Germany's Audit Oversight Body (APAS) has issued a series of new statements that clarify auditing regulations for public interest entities. These statements address key aspects of auditor conduct and regulatory compliance within the German financial market.
The new guidance covers several areas, including the permissible continuation of tax advisory services, the classification of mutual insurance associations as public interest entities, auditor "cooling-off" periods, and the determination of when an entity qualifies as a public interest entity.
Among the statements is an interpretation (Verlautbarung Nr. 13) on transitional rules for tax advisory services, allowing them to continue until the audit report is issued for financial years commencing before January 1, 2022, provided the services clearly relate to those prior years.

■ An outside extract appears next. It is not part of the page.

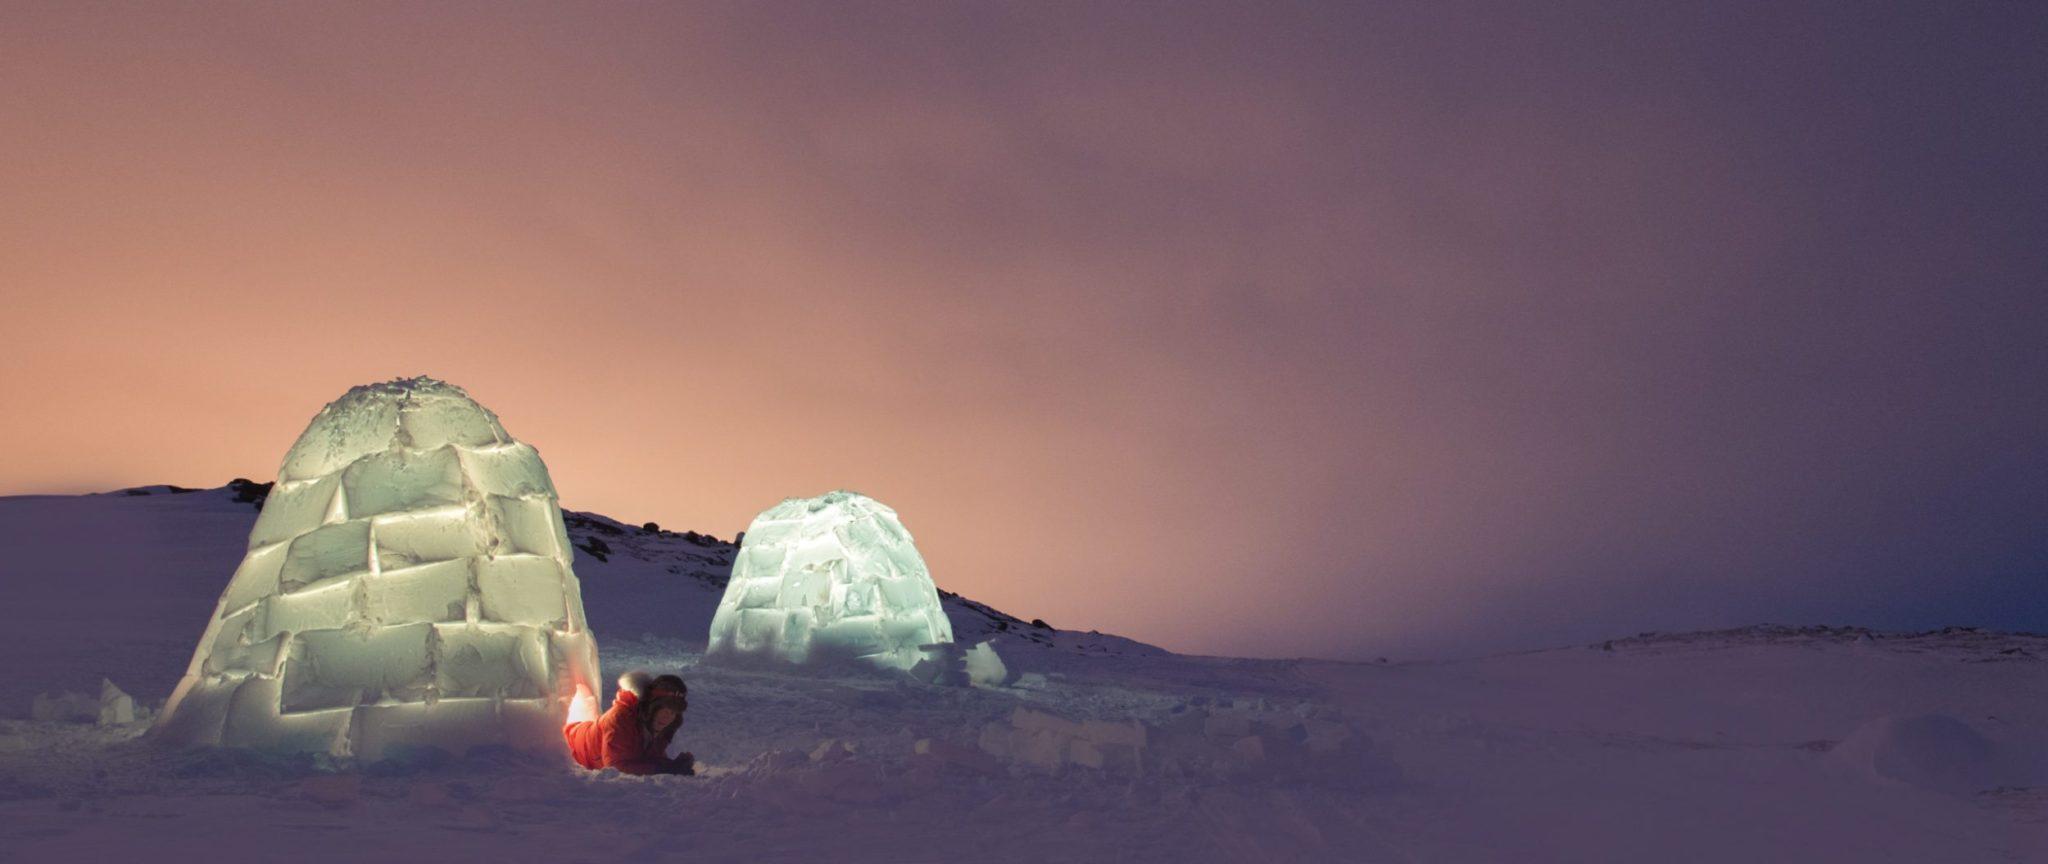 Explore Iqaluit Nunavut Tourism & Guide   Arctic Kingdom
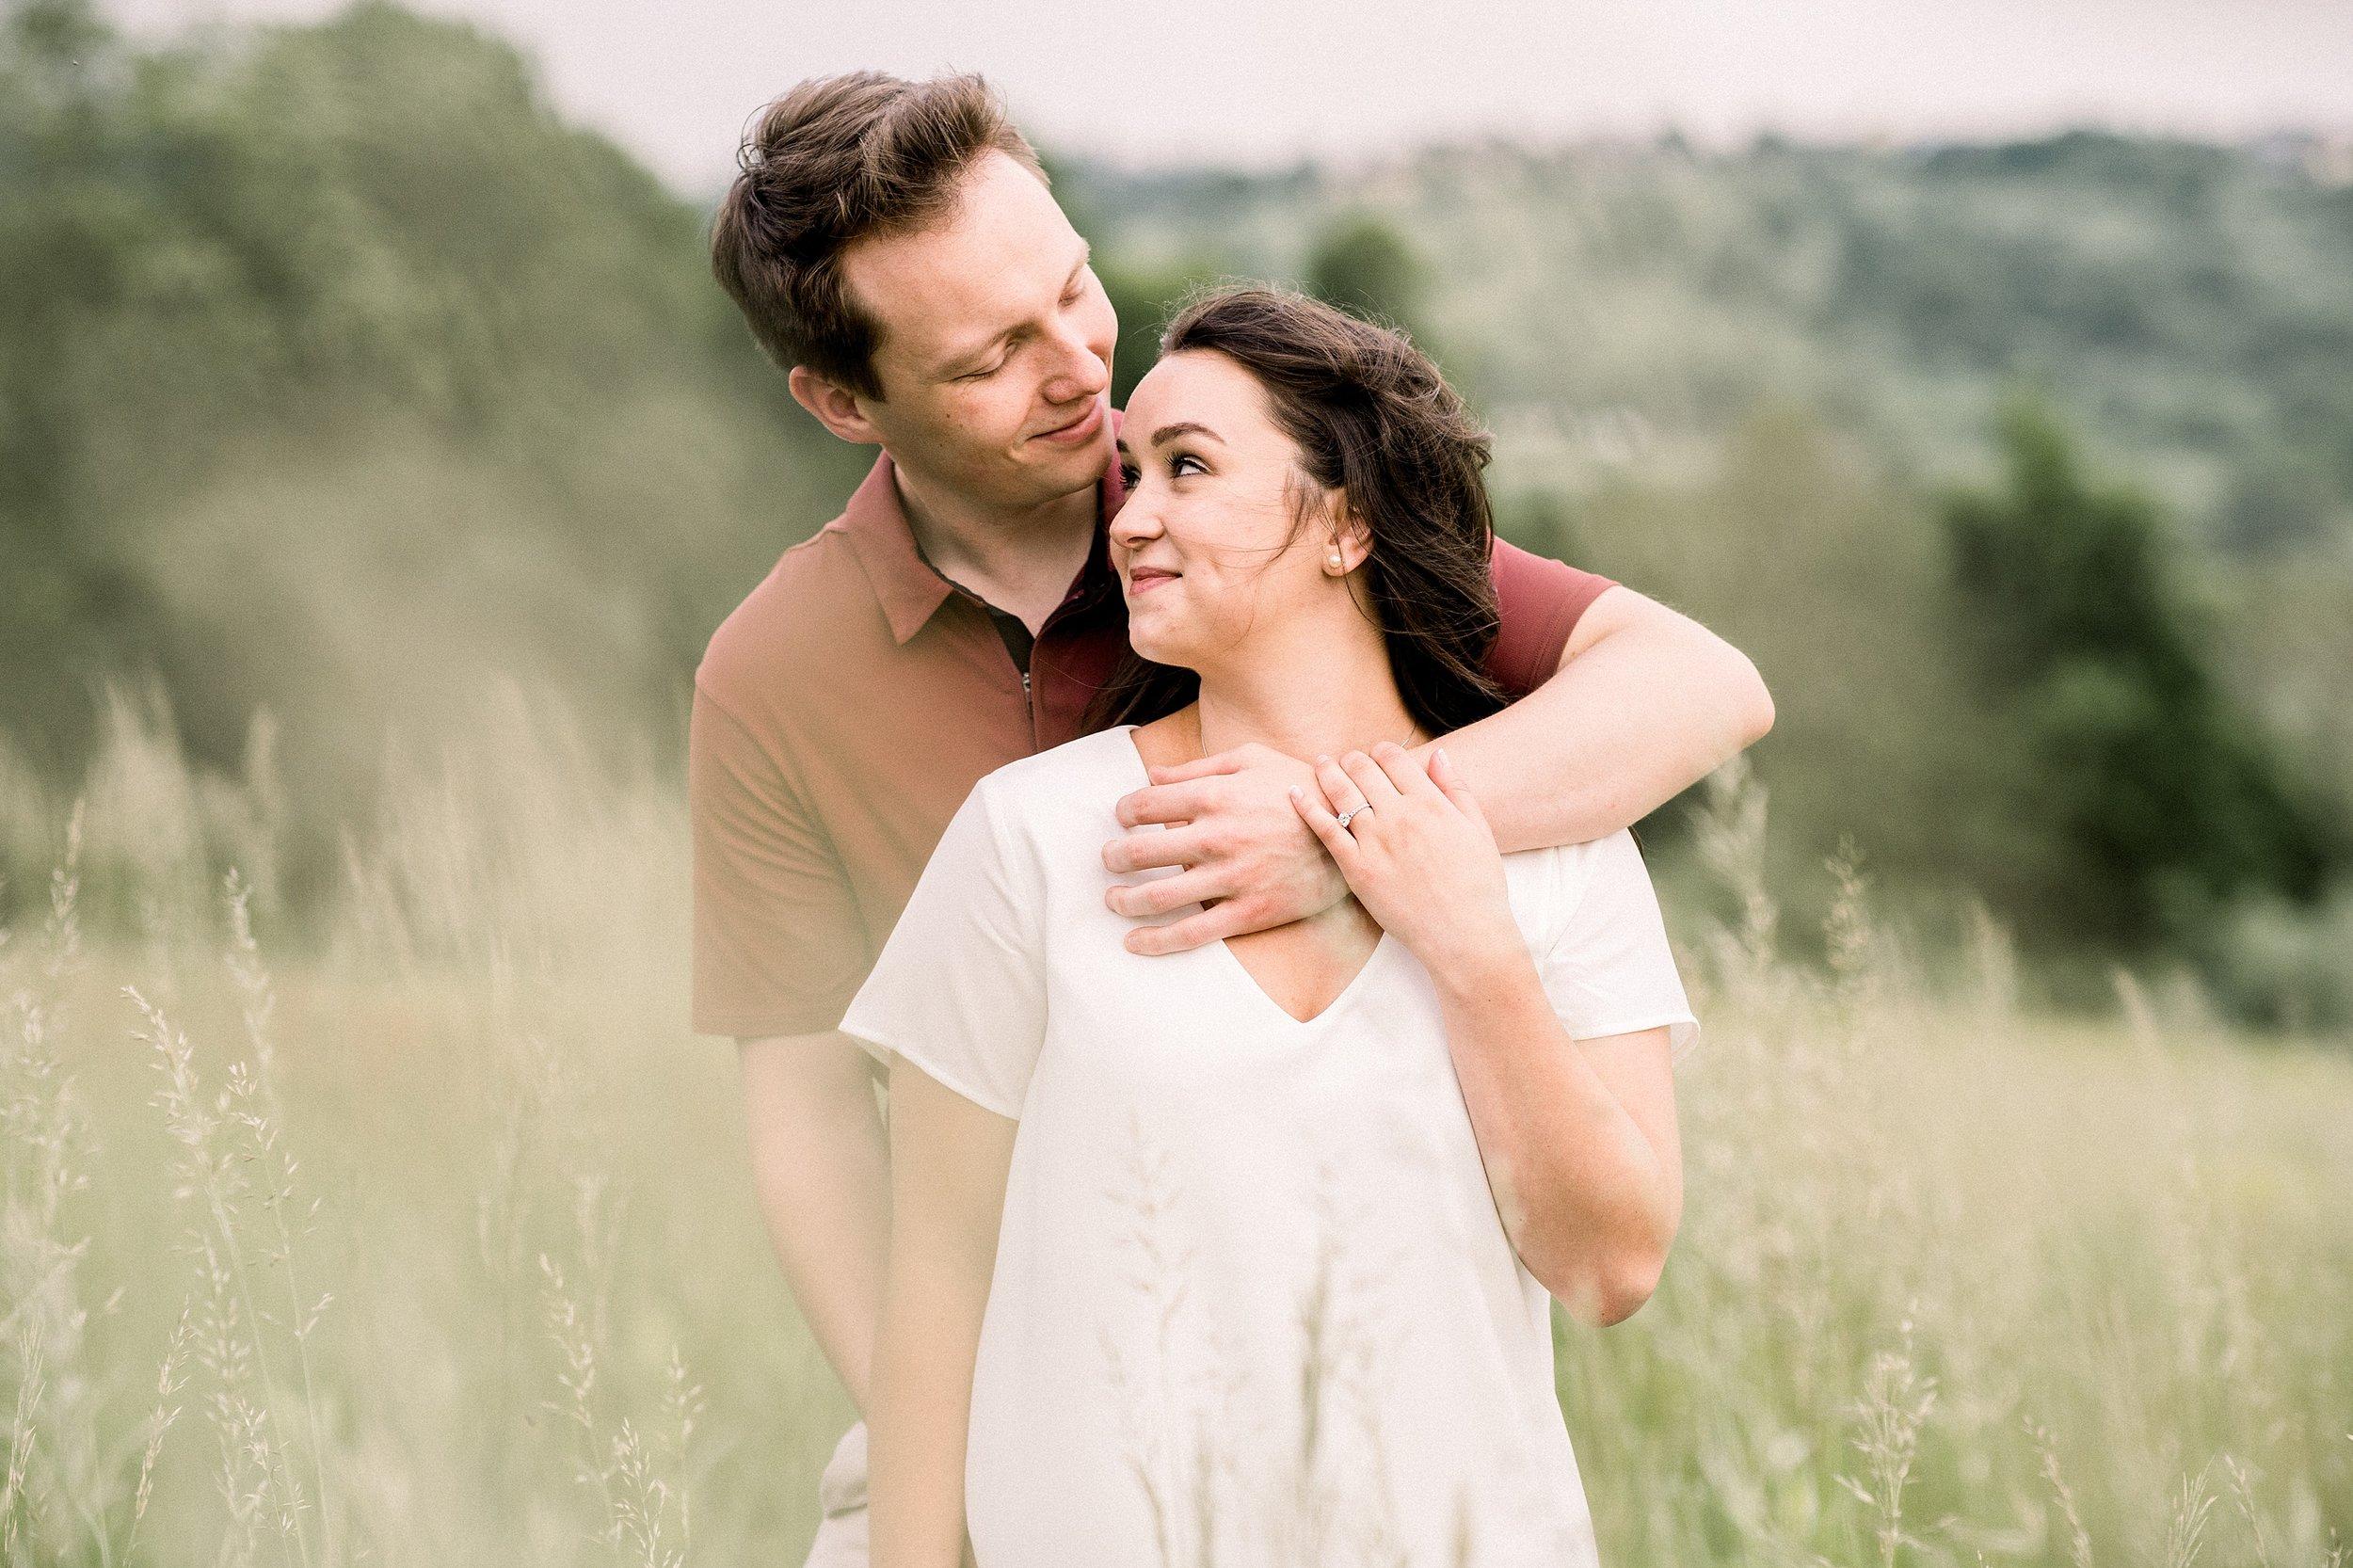 Lehigh-Valley-Wedding-Photographer_0007.jpg

Furthermore, a clarification (Verlautbarung Nr. 14) addresses when mutual insurance associations (VVaG) are not considered public interest entities (PIE) under German law, referencing Solvency II Directive provisions.
APAS also provided clarification on auditor rotation rules (Verlautbarung Nr. 15), stating that deliberate interruptions to circumvent the ten-year maximum tenure are impermissible and confirming the four-year "cooling-off" period requirement.
Finally, guidance (Verlautbarung Nr. 16) confirms that an entity's status as a public interest entity is assessed on its balance sheet date, and the calculation of the audit tenure begins in the year the entity became a PIE.